Racial disparities have narrowed across the U.S. criminal justice system over 16 years, though black people are still significantly more likely to be behind bars than white people, new federal figures show.
Racial gaps broadly declined in local jails, state prisons, and among people on probation and parole, according to the study released Tuesday by the nonpartisan Council on Criminal Justice.
The divide in state imprisonment rates dropped for all major crimes but was most pronounced for drug offenses — a key driving factor for the racial shift. Black people were 15 times more likely than white people to be in state prisons for drug crimes in 2000, but that dropped to five times as likely by 2016, the most recent year available.
Many don’t realize how much the racial gap has narrowed, not only in incarceration but in parole and probation, said Adam Gelb, president and chief executive of the politically diverse council that launched in July to seek solutions to problems in the criminal justice system.
“Most people think this is a bad problem that’s getting worse,” said Gelb, whose group has brought together governors of both parties, police officials and Black Lives Matter organizers. “It turns out it’s a bad problem that’s getting a little better, and for very complex reasons that we need to understand at a much deeper level.”
Critics contend minorities’ disproportionate involvement in the U.S. criminal justice system reflects systemic racial bias. Researchers have blamed prejudice by police, prosecutors, judges and juries; racial differences in crimes; and get-tough sentencing laws during the high crime era of the 1980s and ’90s.

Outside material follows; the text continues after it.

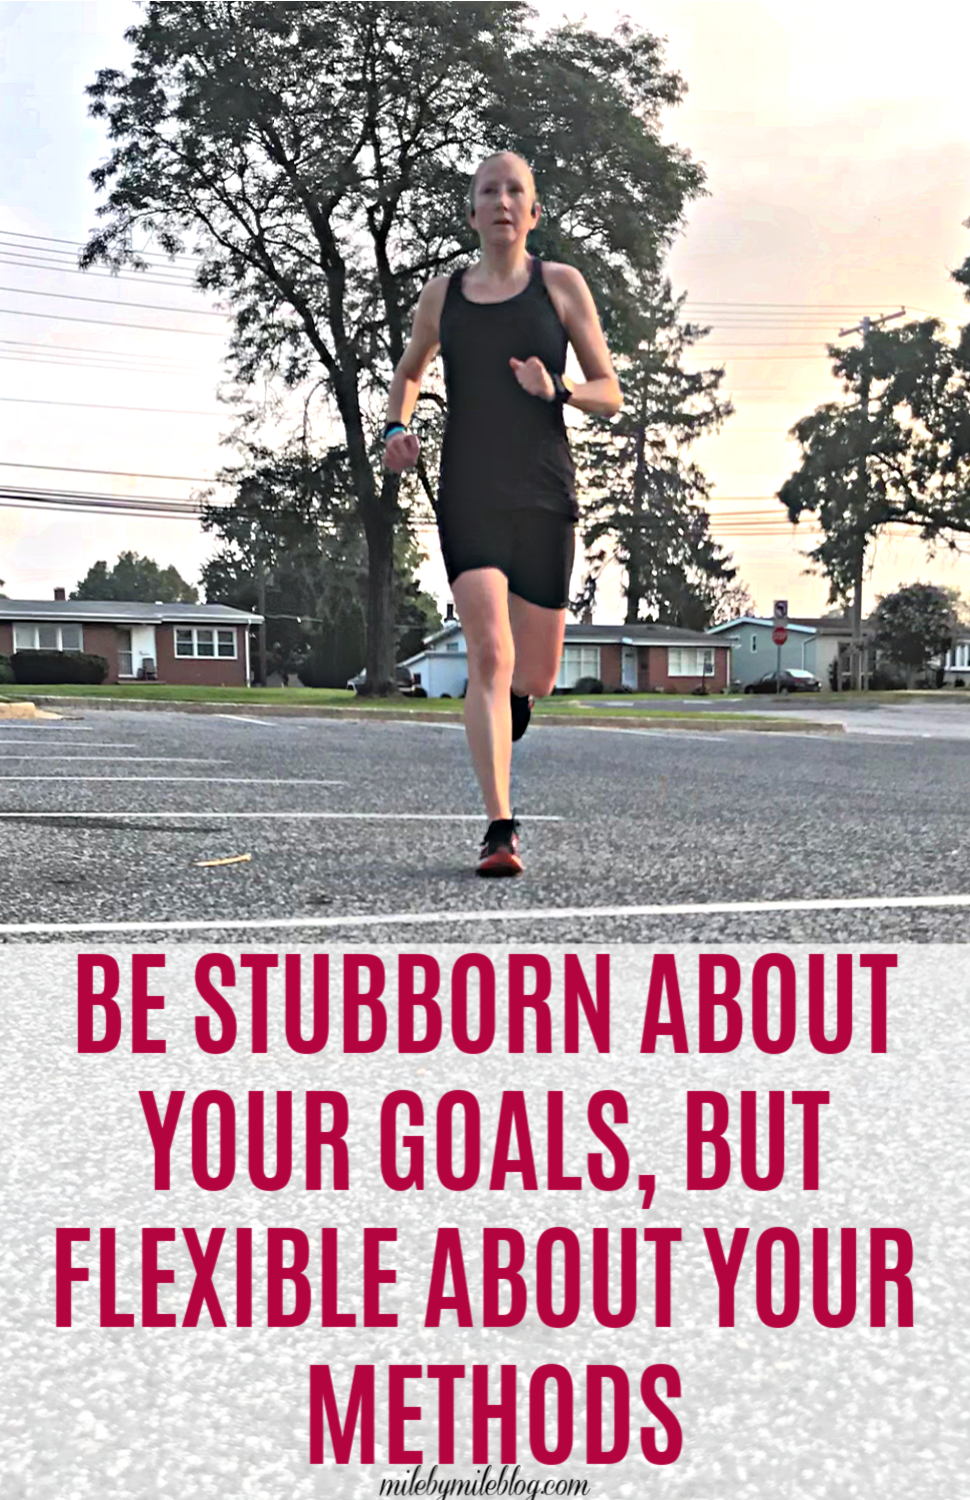 My intention for this year is "Be stubborn about your goals, but flexible about your methods". I have big goals for this year so I have done some planning to address challenges I know I will face. Click post to read about how I am setting goals and addressing challenges by being flexible. #goals #training #running

While racial inequity in arrests and incarcerations narrowed, the length of prison sentences increased across all crime types for black people and partially offset the benefits, according to the report co-authored by Georgia State University professor William Sabol, former director of the federal Bureau of Justice Statistics.
Among the other findings of the report, which is based on numbers from the bureau, the FBI and other national statistics:
— African American men were in state prisons at nine times the rate of white inmates in 2000, which dropped to a still disparate six-to-one by 2016. The change mostly stemmed from a 30% decline in the black male imprisonment rate, largely driven by falling drug crimes.
— Black women were imprisoned at a rate of six for every white inmate in 2000, which fell to two-to-one by 2016. Fewer black women were being incarcerated for drug crimes, while more white women were imprisoned for violent, property and drug crimes.
— The disparities between Hispanic people and white people also shrank across all categories since 2000.
While falling drug crimes had a big impact on racial disparity the shift raises questions the study’s authors couldn’t answer.
For instance, the start of the study period comes after the crack cocaine epidemic waned and after crime rates dropped from their peak in the early 1990s.
“Something was going on here well before (marijuana) legalization started to happen in states and also before the opioid epidemic, which is much more recent,” Gelb said. “Drug enforcement patterns started to change before both of those things. It’s clear that somewhere along the way, societal attitudes toward drugs and drug enforcement started to change.”
The nonpartisan Public Policy Institute of California reported a similar marked drop in the racial divide in arrest trends since the 1980s in the nation’s most populous state but also found that black people are still far more likely to be arrested than white people.
That’s partly because “there was such stark and eye-catching and disturbing disparity” in the first place, said institute researcher Magnus Lofstrom, who was not involved in the national study.
He said the disparity could be influenced by bias, economic factors or police concentrating on high crime areas that also have high minority populations. There has been a marked decrease in crime rates and a recent reduction in the severity of penalties, particularly for drug and property crimes, in states like California.